-|8X-3Y|+|2Y+5X|.....SOLVE
what's to solve? there's just an expression
if 8x+3y>=0 and 2y+5x>=0, then the expression is
-(8x+3y)+(2y+5x) = -3x-y
if 8x+3y<0 and 2y+5x>=0, then the expression is
(8x+3y)+(2y+5x) = 13x+5y
if 8x+3y>=0 and 2y+5x<0, then the expression is
-(8x+3y)-(2y+5x) = -13x-5y
if 8x+3y<0 and 2y+5x<0, then the expression is
(8x+3y)-(2y+5x) = 3x+y
To solve the expression -|8X - 3Y| + |2Y + 5X|, you need to simplify each absolute value separately and then combine the resulting expressions.
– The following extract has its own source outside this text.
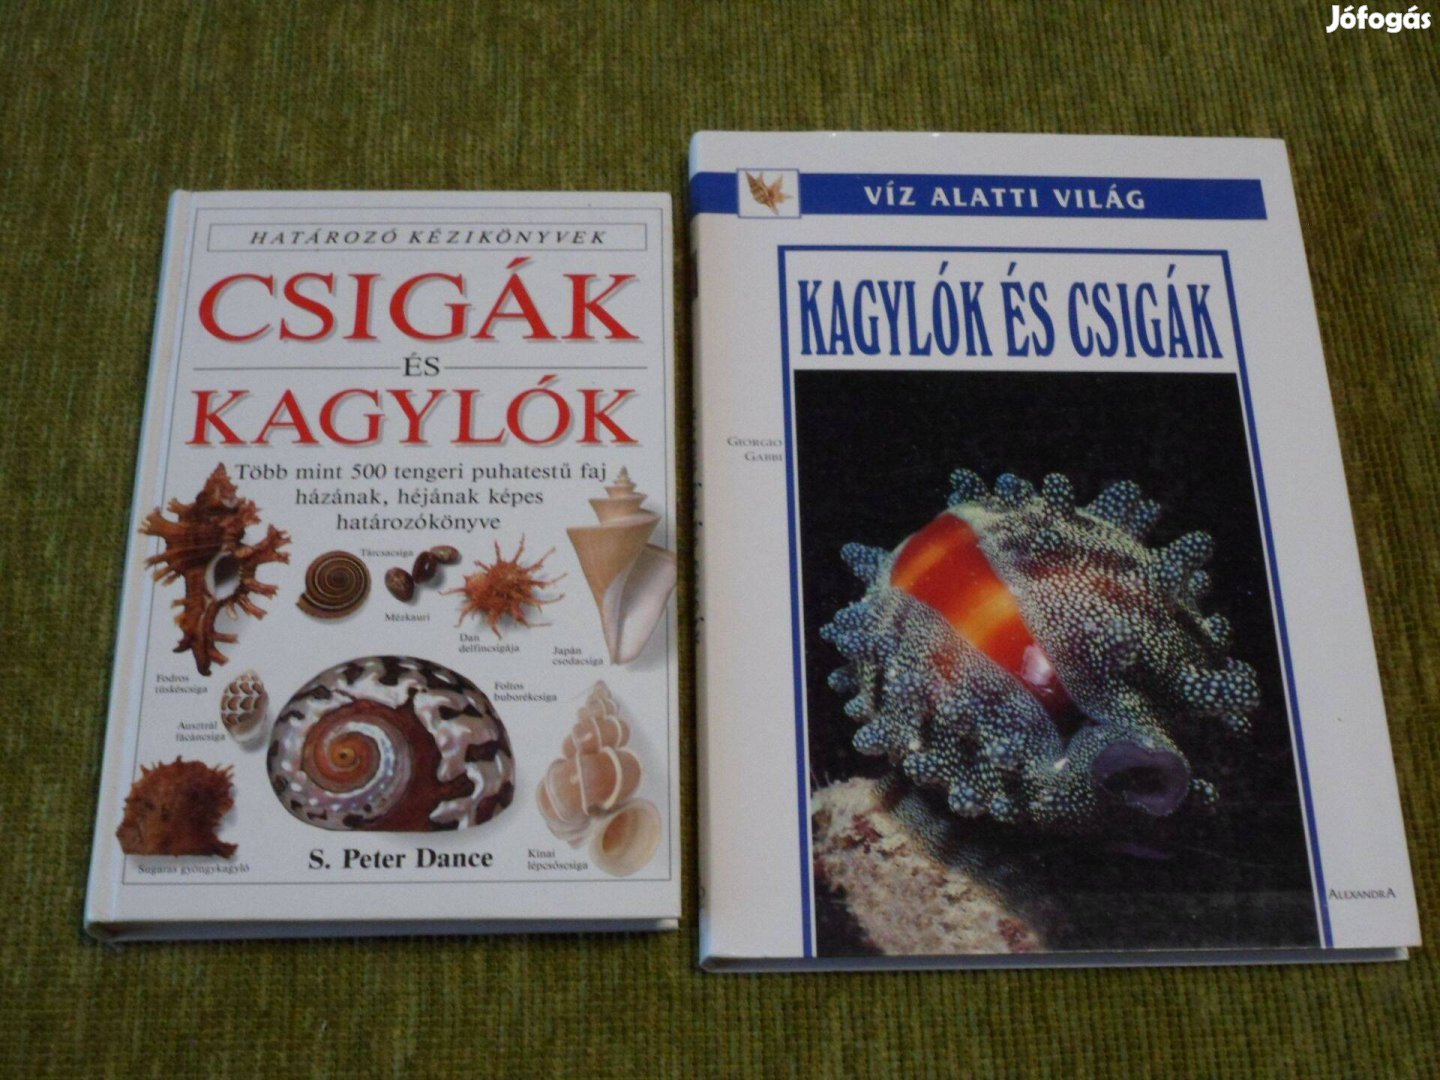 Határozó kézikönyvek: Csigák és kagylók + Kagylók és csigák

1. Simplify the expression inside the first absolute value:
|-|8X - 3Y||
The inner expression, 8X - 3Y, can be either positive or negative. To find the positive form, remove the absolute value signs:
8X - 3Y, when 8X - 3Y ≥ 0
To find the negative form, change the sign of the inner expression:
-(8X - 3Y), when 8X - 3Y < 0
Therefore, we have two cases:
Case 1: 8X - 3Y ≥ 0
|-|8X - 3Y|| = 8X - 3Y
Case 2: 8X - 3Y < 0
|-|8X - 3Y|| = -(8X - 3Y) = -8X + 3Y
2. Simplify the expression inside the second absolute value:
|2Y + 5X|
There are no assumptions needed here since we don't have any inequality or negative form. So we simply remove the absolute value signs:
|2Y + 5X| = 2Y + 5X
3. Combine the simplified expressions from steps 1 and 2:
-|8X - 3Y| + |2Y + 5X| = -(8X - 3Y) + (2Y + 5X)
Now, you can simplify the expression further by distributing the negatives and combining like terms:
-(8X - 3Y) + (2Y + 5X) = -8X + 3Y + 2Y + 5X
Simplify by combining like terms:
-8X + 5X + 3Y + 2Y = -3X + 5Y
Therefore, the simplified form of the expression -|8X - 3Y| + |2Y + 5X| is -3X + 5Y.